Для классической риторики ясна цель описания фигур, а способы презентации коллекций зависели не столько от логики, сколько от вкусов. Вкусы и позже играли известную роль в формировании списка фигур. Так, в работе Е.В. Маркасовой «Представления о фигурах речи в русских риториках XVII — начала XVIII века» один параграф называется «Состав риторических фигур как показатель литературных вкусов эпохи» [10, с. 113]. Главное же — копить фигуры, копить признанные способы улучшения речи, преодоления «варварства», культивирования словесного космоса. Аналогичным образом выглядела, о чем свидетельствует сочинение Витрувия, и архитектурная мысль. В каком смысле архитектурные ордера Витрувия образуют строгую систему? Можно строить храмы в антах, но можно и не в антах, на это есть простиль, амфипростиль, периптер, псевдодиптер, диптер и гипетр [3, с. 67]. Дорическая колонна похожа на мужчину, а ионическая на женщину, но есть и коринфская, похожая на девушку. А в Эрехтейоне в одном из фасадов используются кариатиды. Эрехтейон похож на драмы Еврепида. А Парфенон — Эсхила. Таков мир прецедентов.

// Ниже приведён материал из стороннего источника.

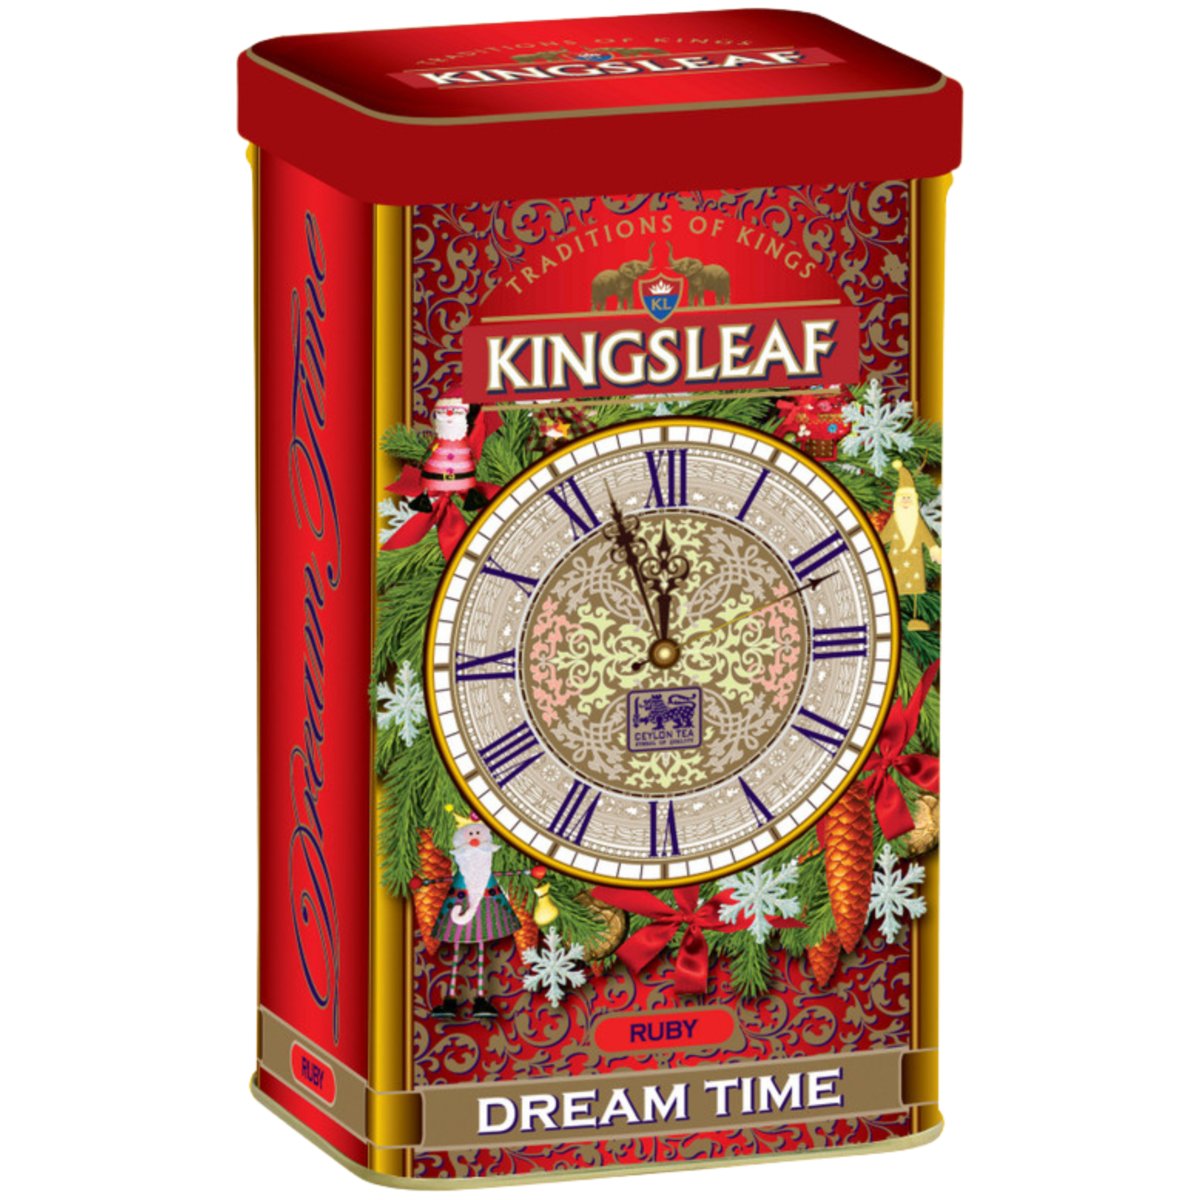 Kingsleaf DREAM TIME RUBY herbata czarna MALWA I NAGIETEK liściasta w puszce - 75 g
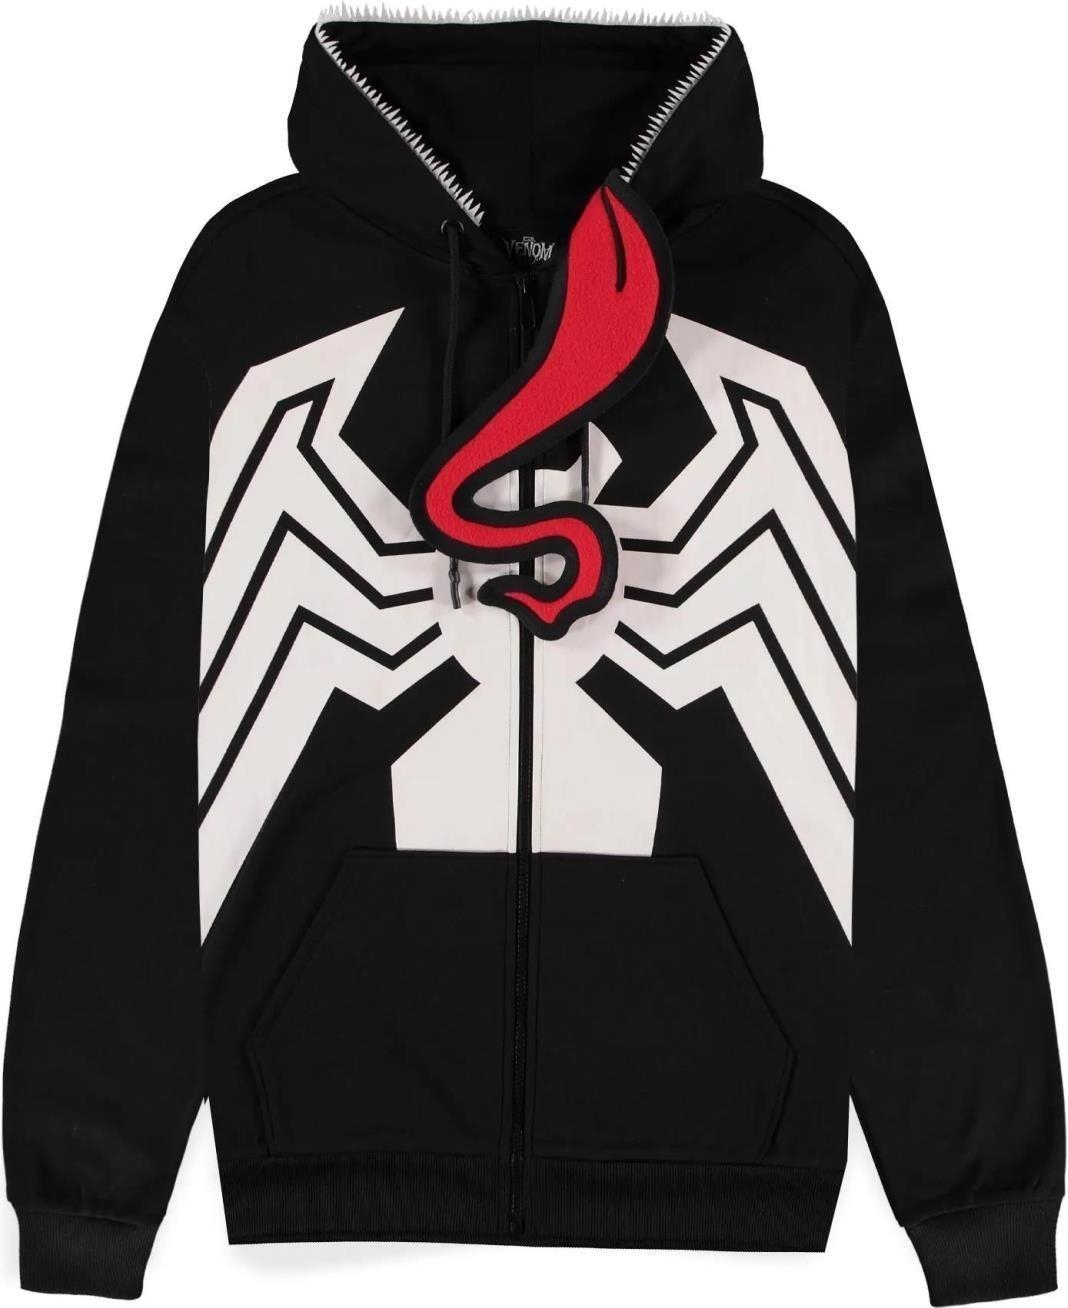 Abbigliamento Venom 2: Novelty Premium Black (Felpa Con Cappuccio Unisex Tg. 2XL) NUOVO SIGILLATO, EDIZIONE DEL 02/11/2023 SUBITO DISPONIBILE

Совершенно иные задачи стояли перед риторами классицизма, а именно они оказались нашими ближайшими предшественниками, определившими современное стилистическое мышление и во многом мышление авторов, занимающихся сегодня риторикой.

Задачи культивирования речи, бенефициарами которого были сами ораторы и их слушатели, сменилась задачей регламентации речи, бенефициаром которой выступало национальное государство — абсолютная монархия. Вот здесь уже в работах французских синонимистов [12, с. 277-278] и наметился подход, который особенно внятно был артикулирован Шарлем Балли и лег в основу функциональной стилистики и теории нормы, окончательно сформировавшейся после работы пражан. Последние вслед за Соссюром широко пользовались словом «система», хотя сказать, что это была система в том смысле, в каком это слово использовал Норберт Винер, видимо, нельзя. Теория систем учит нас, что системы бывают управляемые (искусственные) и адаптивные (естественные), обладающие свойством гомеостаза, которое можно сообщить и искусственным системам. Термин «гомеостаз» (система, поддерживающая параметры своего существования) был введен Кенноном [Cannon], а применительно к языковым системам был использован в моей работе 2001 года [Хазагеров], однако споры вокруг системности языка никогда не затрагивали вопроса о гомеостазе. Системность чаще всего понималась просто как взаимная обусловленность элементов. Такой обусловленности требуют и от системы фигур. Соответственно, и систематизация фигур требовала такой же обусловленности. Как в языке есть синонимы, гиперонимы и антонимы, так и в терминосистеме должны прослеживаться аналогичные отношения. Разумеется, ничего подобного в исторически сложившейся риторической терминологии не наблюдалось. Последовали многочисленные жалобы на эту ситуацию [1; 7, с.29-30], а затем и предложения по наведению порядка в «системе фигур» [8; 15], в чем участвовал и автор настоящей статьи, готовя «Риторический словарь» [19].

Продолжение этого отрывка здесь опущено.